I’m going to go into all the film’s details here.

This is NOT a full film review. I will hold off on ruining the film with a ton of spoilers. Or, if you want a full take and have someone else ruin it, there are plenty of reviews out at this point. Besides, I’m not a movie critic, per se. I’ll give you the basics, and a whole lotta automotive juice to boot. This film pays tribute to three eras of James Bond, through the use of automobiles.

You guys already know about the copious use of the old Aston Martin DB5 in this movie. As far as classic Bond cars go, the DB5 was introduced in 1964’s Goldfinger. Here’s a fun bit below. In that movie, too, it truly shines.

The film also put a great spotlight on the Aston Martin V8 Vantage. It debuted in The Living Daylights in 1987. That car represented a return to Aston Martin for the franchise, as Lotus was the primary car used in Roger Moore’s 007 films.

By the way (spoiler, I guess) – I didn’t see any Lotus’ in this movie. Actually, I don’t recall seeing any BMWs either, which dominated the Pierce Brosnan films. I think that might make a few fans happy.

Eventually, No Time to Die works its way up to vehicles like the Aston Martin DBS Superleggera, among others. There were a ton of new Land Rover Defenders, Range Rover Sports, Jaguars and motorcycles (Triumph Scramblers) being tossed around in several clips.

Enter — a Toyota?

Out of all of the sexy Aston Martins and other vehicles featured in this film, for me – the biggest star is the Toyota Land Cruiser Prado J90. I kid you not! Sure, the Aston Martin DB5 was magnificent, but there was no real surprise as the trailer showed us what to expect. But the Toyota was a great surprise.

Once again, I’m not going to ruin the whole thing by saying exactly what happens. Suffice to say, the who action sequence featuring the Toyota, and the Defender baddies – it was epic.

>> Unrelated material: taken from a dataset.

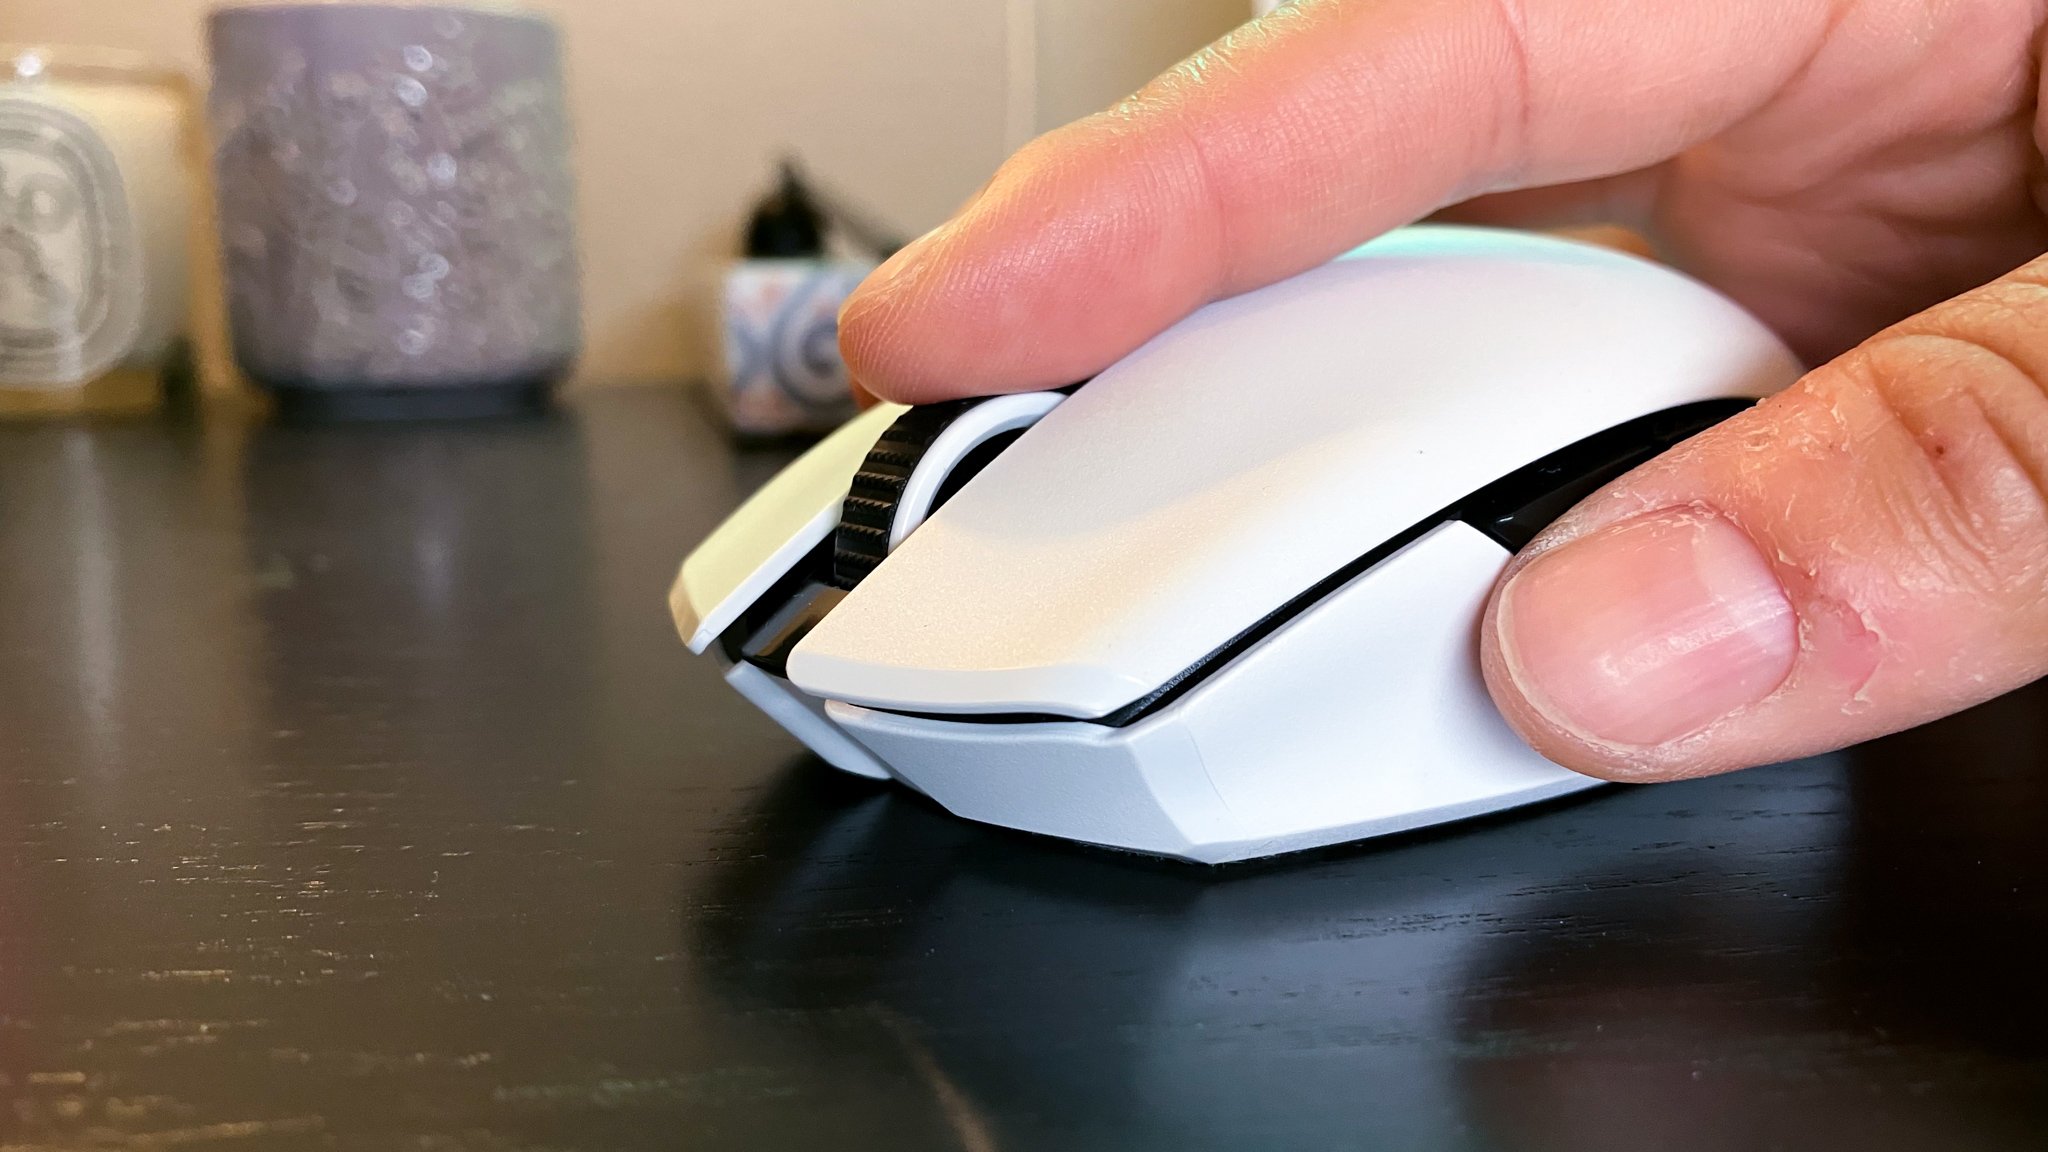 Razer Orochi V2 review – a great travel mouse with customisability

This is a long movie. Expect to sit for about three hours with previews. It’s also extraordinarily well shot. The cinematography, the sweeping vistas and beautiful imagery rewards the viewer. Sound, and the soundtrack are damn close to perfect, and most of the special effects look CGI-free, which is refreshing.

The story centers around James Bond as he is retiring. He has a new woman in his life, and they appear to be close. Everything begins to unwind after he learns that she has secrets. Revenge, espionage and double agents abound – and the main baddie begins to creep into the picture… all within the first hour.

The various motivation for revenge made sense to me, but the rest of the baddie’s intent was convoluted. You should be the judge on that one. For James Bond fans, you will see a ton of Easter eggs that are easy to find, and are fairly rewarding. That’s about all I can say without giving it away.

You already know the basics by now. The preview told you plenty. What I liked is the storytelling that was woven in by the copious use of cars.

The price you pay is your gut reaction to the film’s ending.

As for the film itself?

I loved it until the last few minutes – which I didn’t like.

Still, I would see it again – and maybe you should too.